(SUPPLIED INFORMATION begins)
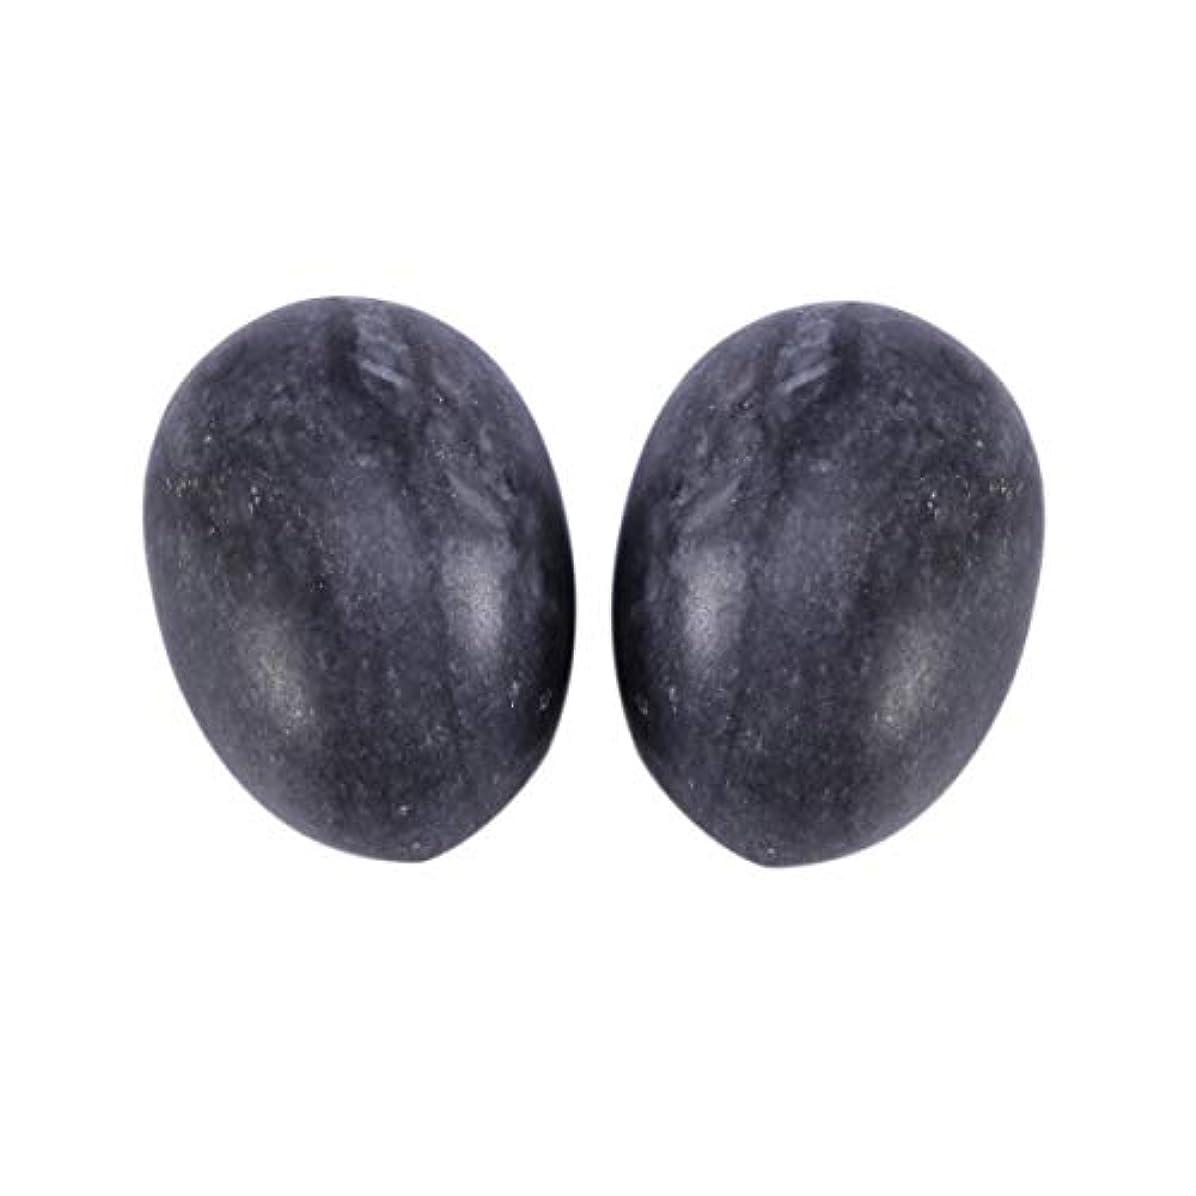 外観力雑種Healifty 妊娠中の女性のためのマッサージボール6個玉ヨードエッグ骨盤底筋マッサージ運動膣締め付けボールヘルスケア(ブラックブルー)
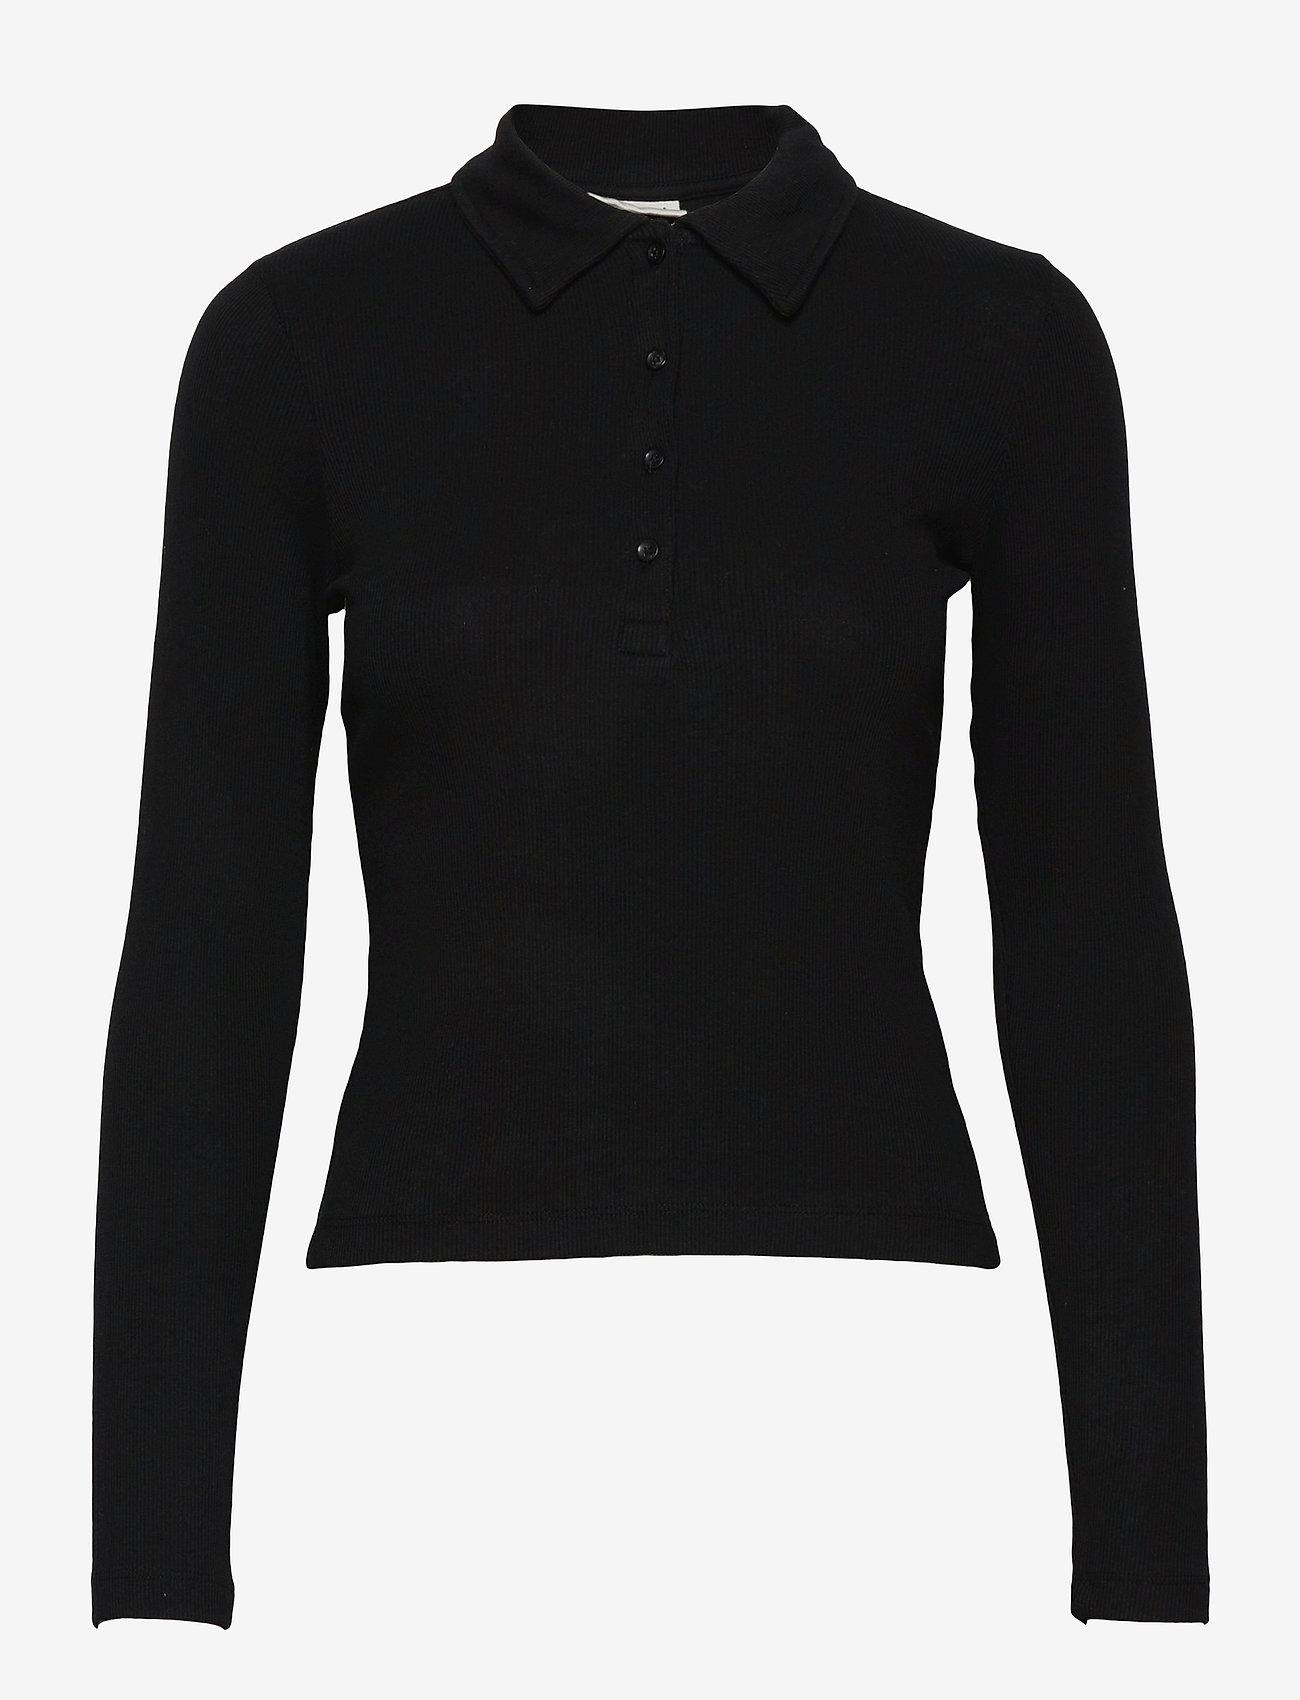 Gina Tricot - Bea top - polohemden - black (9000) - 0
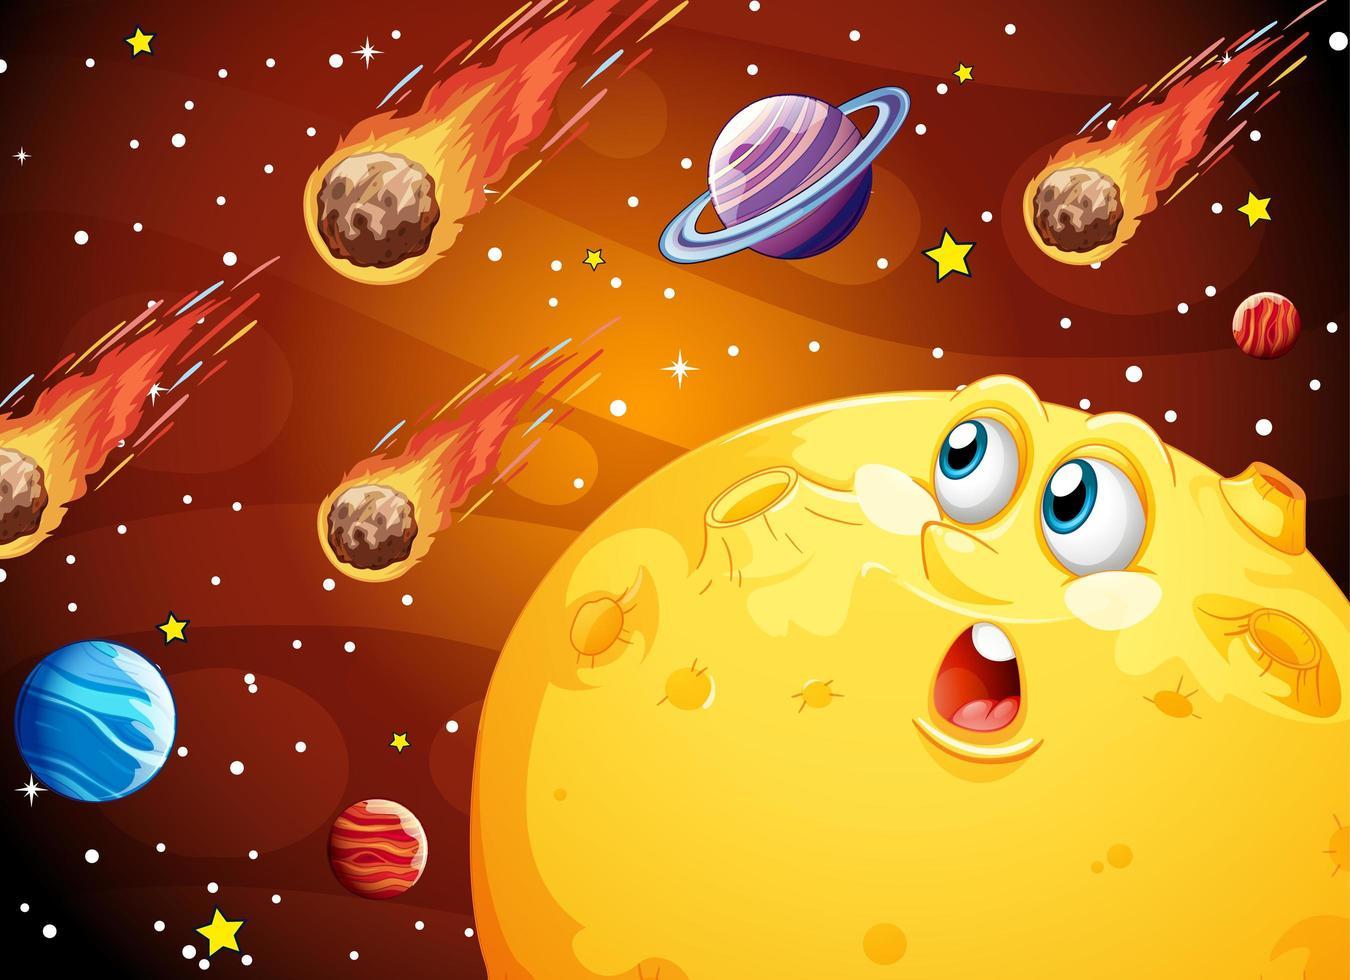 lua com rosto feliz na galáxia espacial vetor
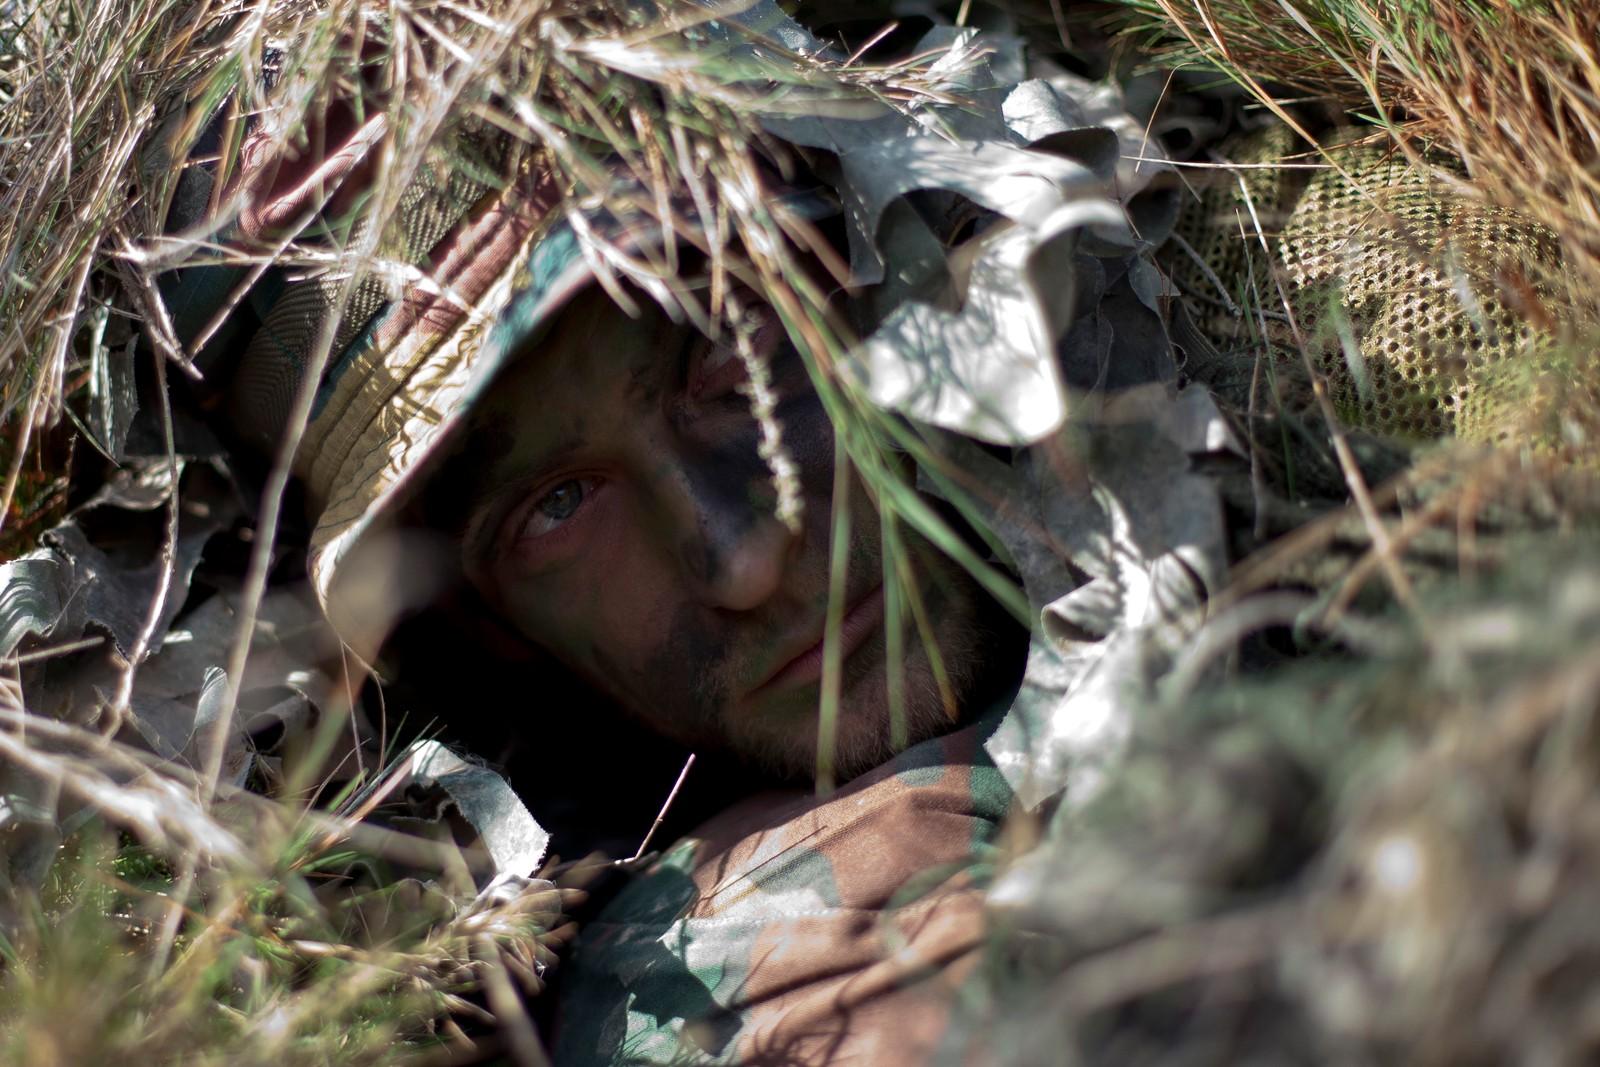 En belgisk soldat ligger kamuflert og gjemt under NATO-øvelsen som pågikk i Zaragosa, Spania denne uka. Mer enn 36.000 fra 28 land deltar i øvelsen som pågår i Sør-Europa for tiden.
(SUPPLIED INFORMATION ends)
## TASK GOAL
Please ensure that the data above is repeated exactly, with no pictures in the copy.

## ANSWER SPACE
 外観力雑種Healifty 妊娠中の女性のためのマッサージボール6個玉ヨードエッグ骨盤底筋マッサージ運動膣締め付けボールヘルスケア(ブラックブルー)
 Gina Tricot - Bea top - polohemden - black (9000) - 0
 lua com rosto feliz na galáxia espacial vetor
 En belgisk soldat ligger kamuflert og gjemt under NATO-øvelsen som pågikk i Zaragosa, Spania denne uka. Mer enn 36.000 fra 28 land deltar i øvelsen som pågår i Sør-Europa for tiden.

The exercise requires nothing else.